The formation and localization of sporadic E (Es) layers predicted by the ion vertical drift velocity and its vertical change in the lower thermosphere during nighttime are shown analytically and by numerical simulations. The consideration of the existence of a minimum negative value of the vertical change of the ion vertical drift velocity as a necessary condition of formation of the Es layer and determining ion convergence rate into this layer is extended in case of the presence of vertical wind. Upward vertical wind can shift the convergence regions upward, while downward vertical wind shifts them downward, unlike the cases of the presence of only meridional and zonal winds. It also changes the ion convergence rate compared to the one with just a horizontal wind. It is shown for the first time that the upward constant wind also causes the convergence of ions with the maximum rate in the region where the ion-neutral collision frequency is equal to their cyclotron frequency.

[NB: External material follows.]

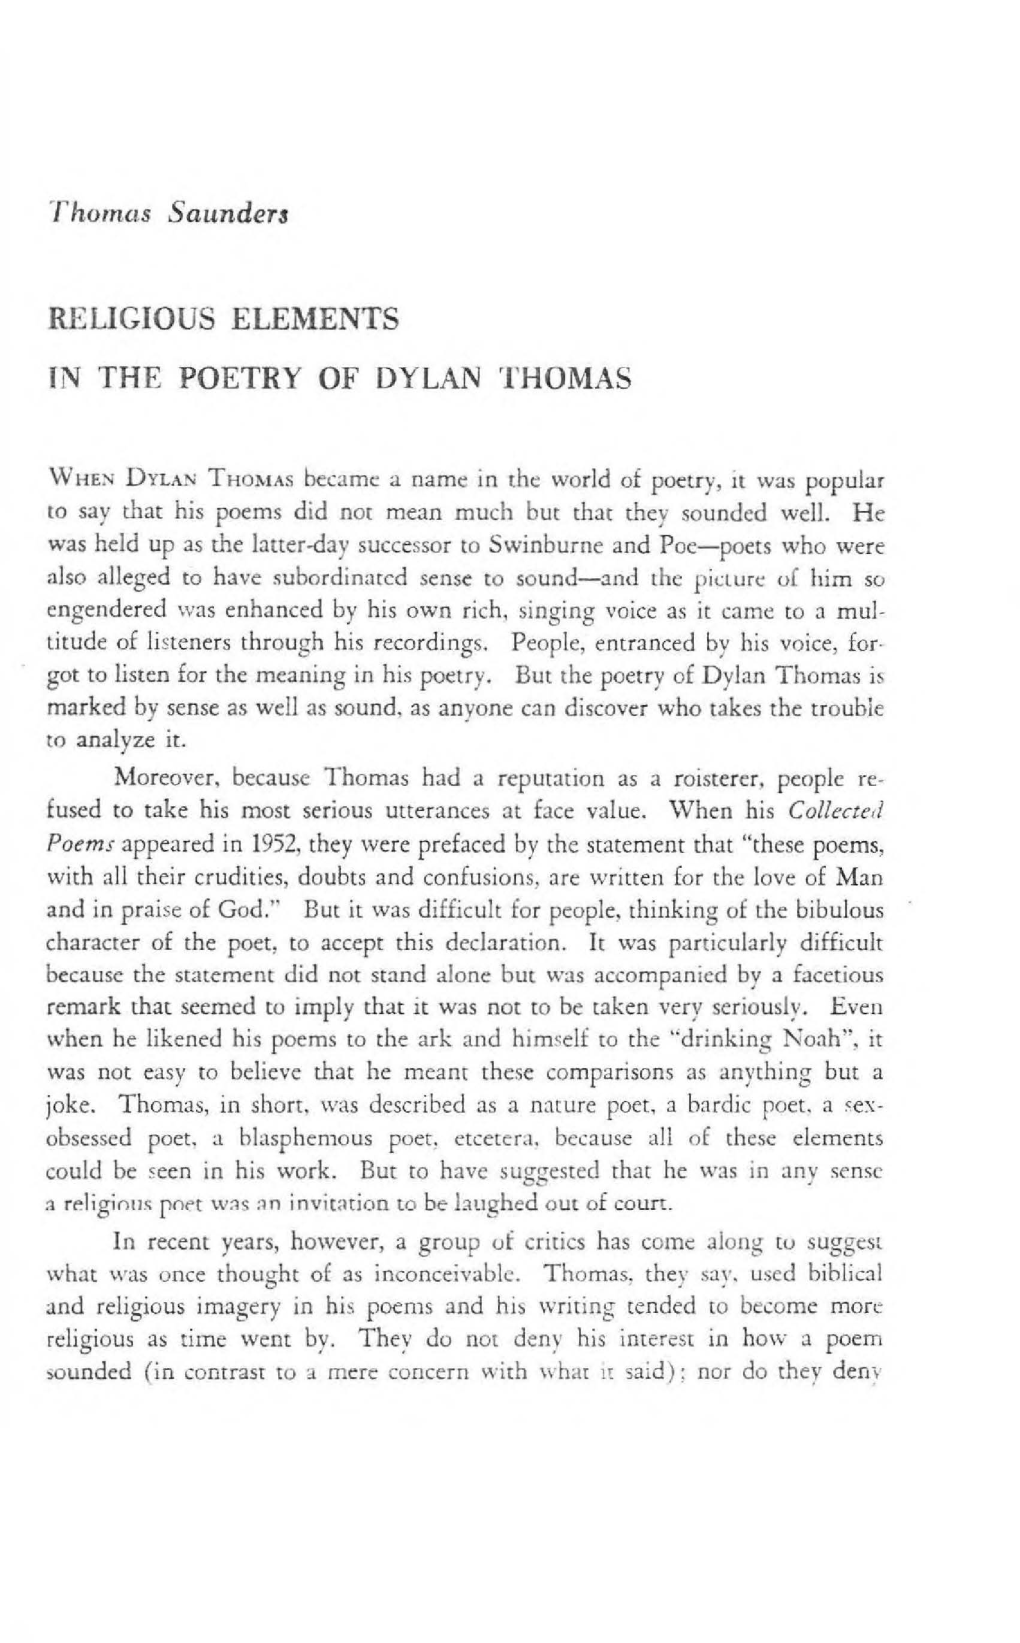 Reugious Elements in the Poetry of Dylan Thomas

While demonstrating the presented theory by numerical simulations, HWM14 data is used for the meridional and zonal wind velocity profiles and the presence of its vertical component is assumed. In this case, in addition to the estimated ion drift velocity and its vertical changes, their initial distribution and ambipolar diffusion also determine the development of ion convergence/divergence processes. For a small magnitude of vertical wind velocity, its significant influence on the ions/electrons behavior is demonstrated, which shows the importance of both tidal wind and wind changes caused by the propagation of atmospheric gravity waves on the formation of the Es layer. In this theoretical research, it is shown that the realistic profile of the wind velocity, which takes into account the vertical component along with its zonal and meridional ones, is important for the prediction of the Es layers formation, as well as regions of ion depletion.